Press release

Debate on bone density testing rages

p. 1253  Women's decisions about hormone replacement therapy after education and bone densitometry — Alexandra Papaioannou, MD, et al [abstract / résumé]

p. 1261  Osteoporosis and bone densitometry: Does the emperor have clothes? — Brian C. Lentle, MD [full text]

After achieving peak bone mass sometime between age 20 and 30, both men and women lose bone at a rate of 0.5% to 1% every year, although there is considerable individual variation. This loss of bone mineral density is known as osteoporosis. Women also go through a phase immediately at and after menopause where they lose bone much more rapidly and are much more susceptible to fragility fractures. Risk assessment has become important because there are now many ways to advise people at risk of fractures.

However, controversy surrounds the test that measures bone mineral density — densitometry — and its use in assessing the risk of osteoporosis in Canada. The Alberta government recently deemed bone densitometry "unsuitable" for screening, while BC has recommended it not be used in "well women". At the core of the debate is the fact that bone density measurements are of limited predictive power and may not be cost-effective if widely used. The Osteoporosis Society of Canada suggests, as does the international community, that physicians should only use bone measurement for people at particular risk of osteoporosis based on more than one historical or lifestyle risk factor.
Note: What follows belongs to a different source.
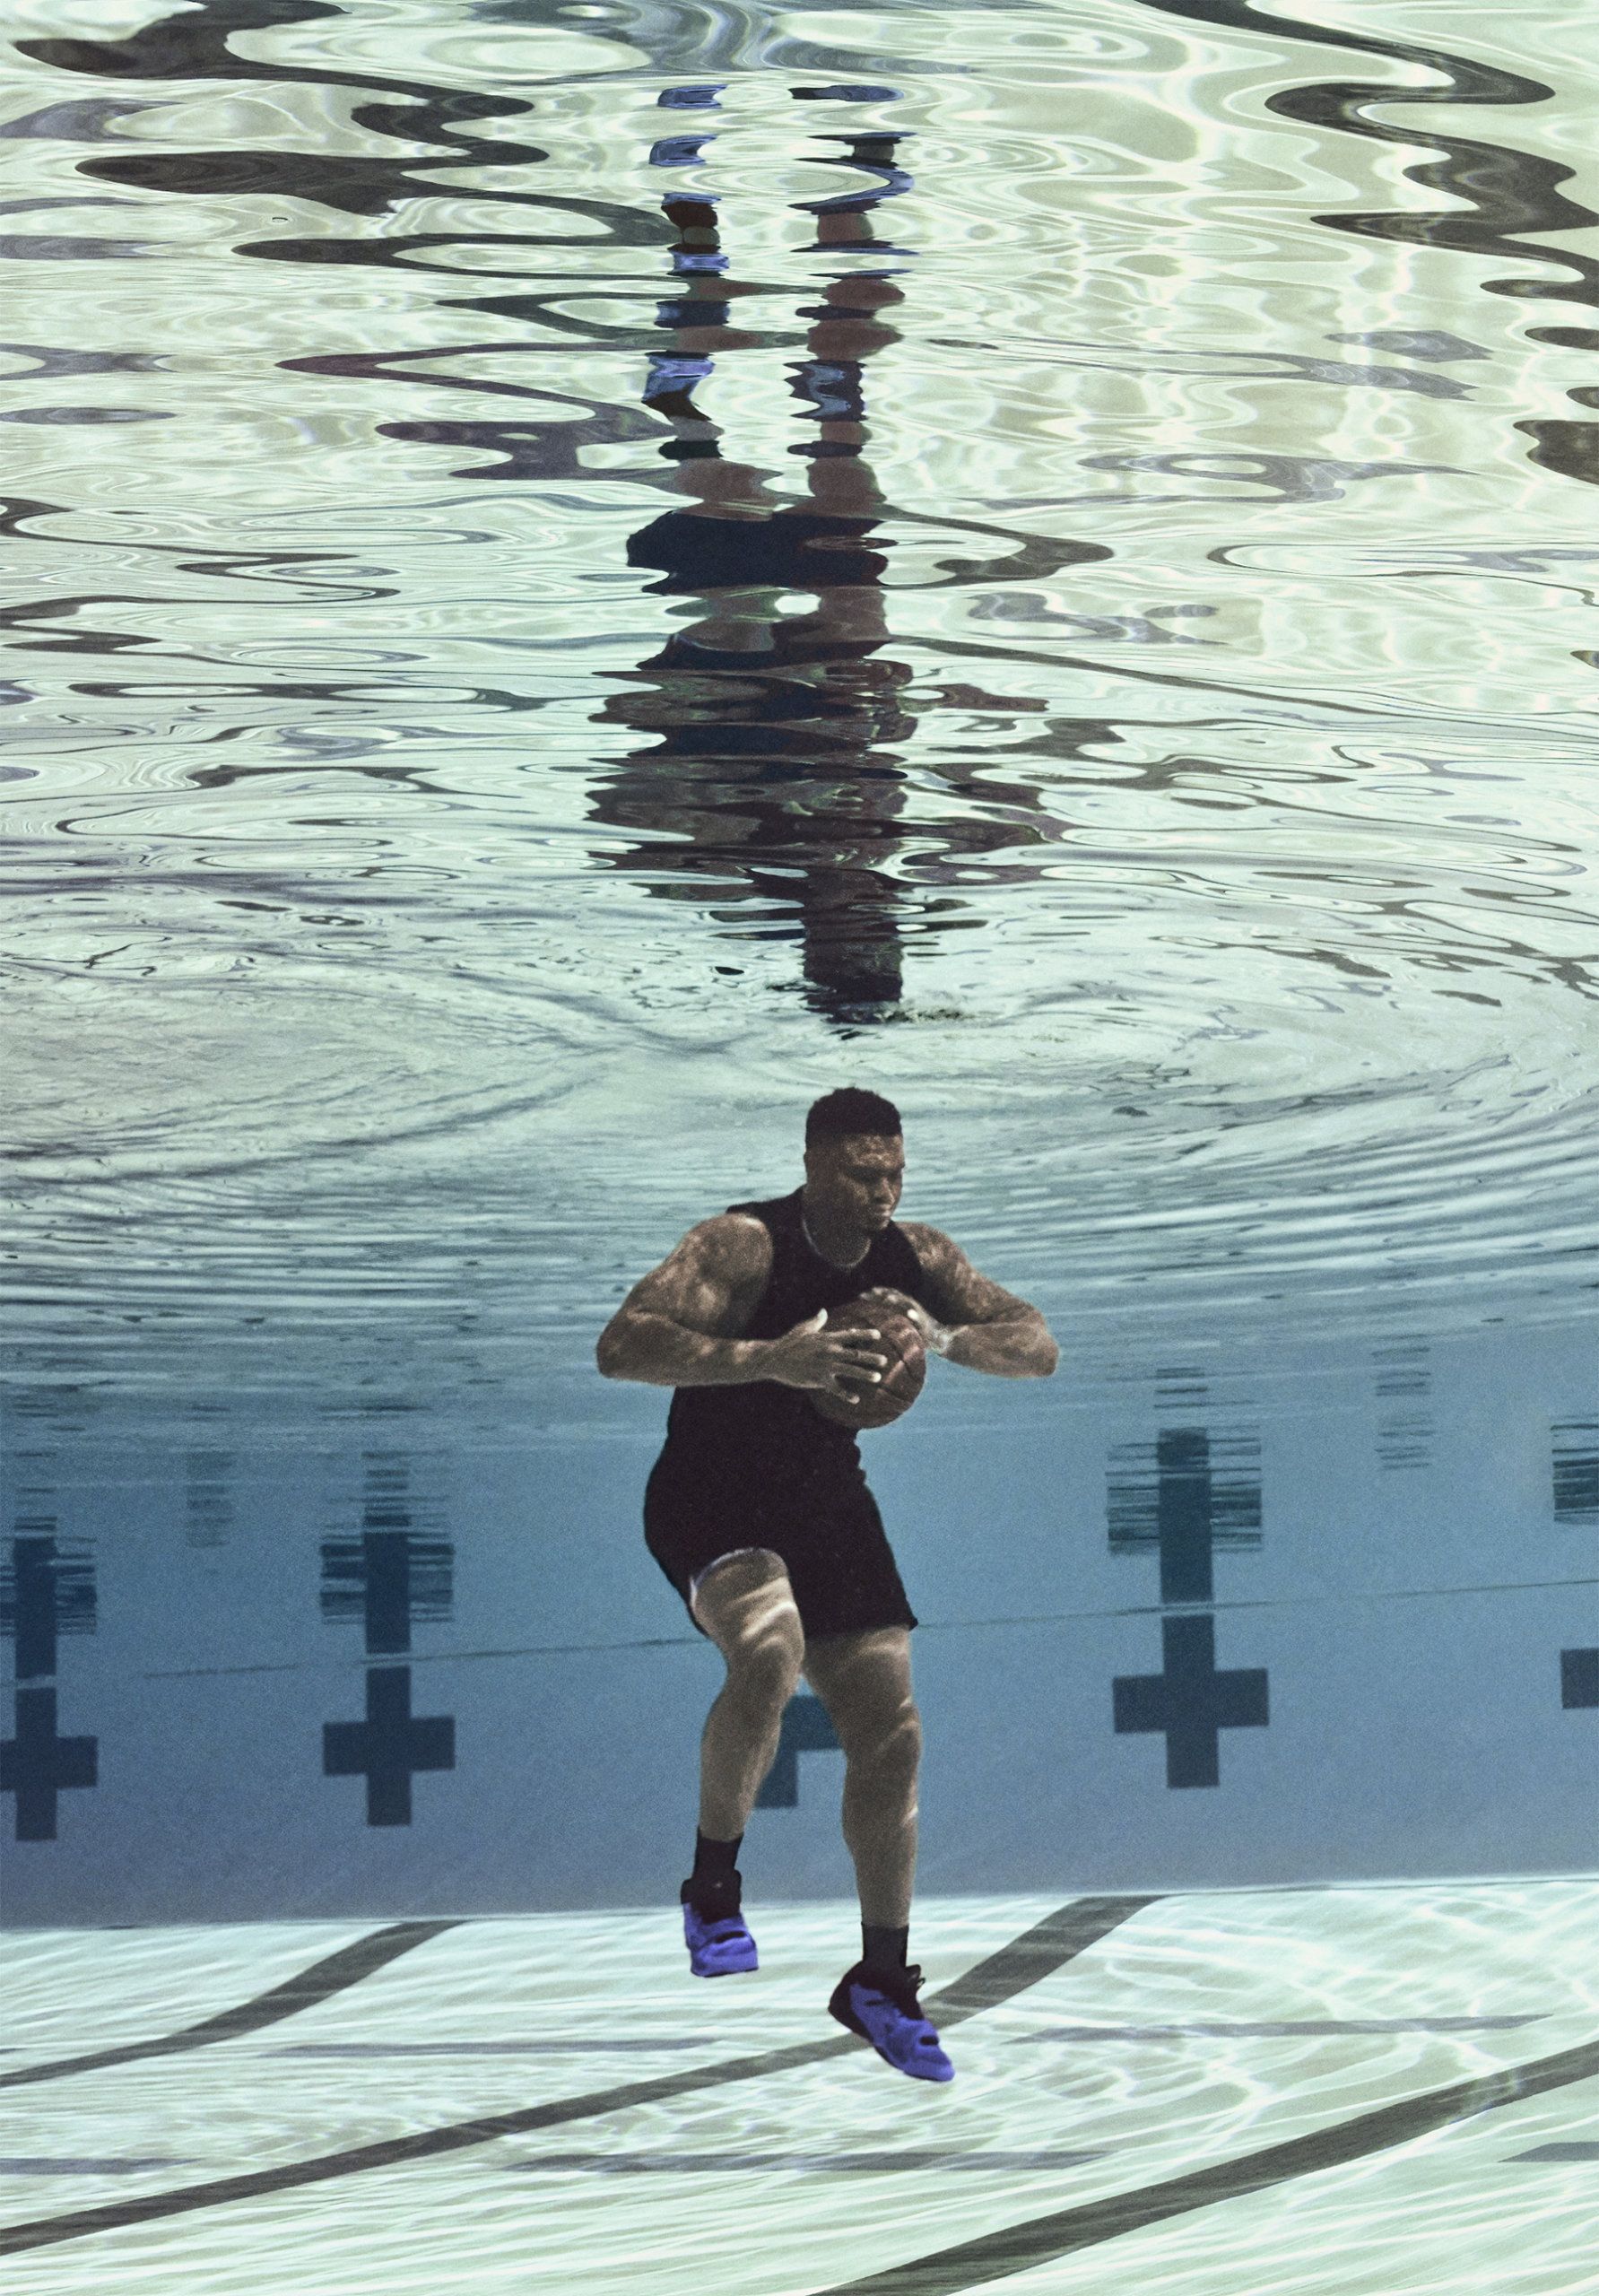 Zion Williamson underwater in swimming pool. There is a mirror like reflection on surface of water with ripples

Dr. Alexandra Papaioannou and colleagues describe a group of women at high risk for osteoporosis who were educated about the use of hormone replacement therapy and subsequently underwent bone densitometry. Dr. Brian Lentle presents both sides of the controversy surrounding bone densitometry testing and concludes that while not perfect, the bone densitometry technology should be used until consensus is reached or new methods emerge.

p. 1245  Adverse effects associated with selective serotonin reuptake inhibitors and tricyclic antidepressants: a meta-analysis — Evelinda Trindade, MD, MSc, et al [full text / résumé]

The 1980s saw the development of a new weapon in the battle against depression: selective serotonin reuptake inhibitors (SSRIs), typified by drugs such as Prozac. These new SSRIs replaced tricyclic antidepressants as the treatment of choice for individuals suffering severe depression. When they were first introduced, SSRIs were touted as being virtually free of side effects — an alternative for those who chose to go off their tricyclic medications because of adverse effects such as nausea or dizziness.

It is now known that there are adverse effects associated with all antidepressants. Reviewing 84 randomized controlled trials reporting on 18 adverse effects, Dr. Evelinda Trindade and colleagues found that tricyclics and SSRIs had comparable rates of adverse effects with similar burden on patients, although the key effects differed between the two drug classes. SSRIs were more likely to precipitate effects such as nausea, anorexia, diarrhea, insomnia, nervousness, anxiety and agitation. Tricyclic antidepressants were more likely to be associated with side effects such as dry mouth, constipation, dizziness, sweating and blurred vision. Quality of life for the individual patient will be something to consider in the choice of drug therapy.

p. 1273  Enzyme replacement therapy for Gaucher's disease: the early Canadian experience — Jennifer J. MacKenzie, MD; Dominick Amato, MD; Joe T.R. Clarke, MD, PhD [abstract / résumé]

Gaucher's disease is a potentially deadly genetic abnormality that severely impairs a patient's ability to break down and properly digest sugars contained in food. It results in massive growth of the spleen and arrested overall growth, and causes severe bony complications. Although very serious, management of the disease has improved dramatically thanks to the development of enzyme replacement therapy with alglucerase.

Intravenous infusions of alglucerase every 2 weeks was almost always beneficial. However, alglucerase, which is derived from human placental material, costs $21 000 per infusion. One year of treatment costs more than $500 000, giving it the dubious honour of being the "most expensive drug in the world". The cost of the treatment and the rarity of the disease (some estimates indicate a prevalence of 1 per 40 000 in the general population) make Gaucher's disease an interesting case study in how governments, insurers and others will face situations where highly effective but highly expensive therapies have been developed.

Although MacKenzie and colleagues found no instances where a patient who needed treatment did not receive it based on an inability to pay, they recommend that reimbursement be standardized across the country based on the application of robust evidence of effectiveness and criteria for disease severity.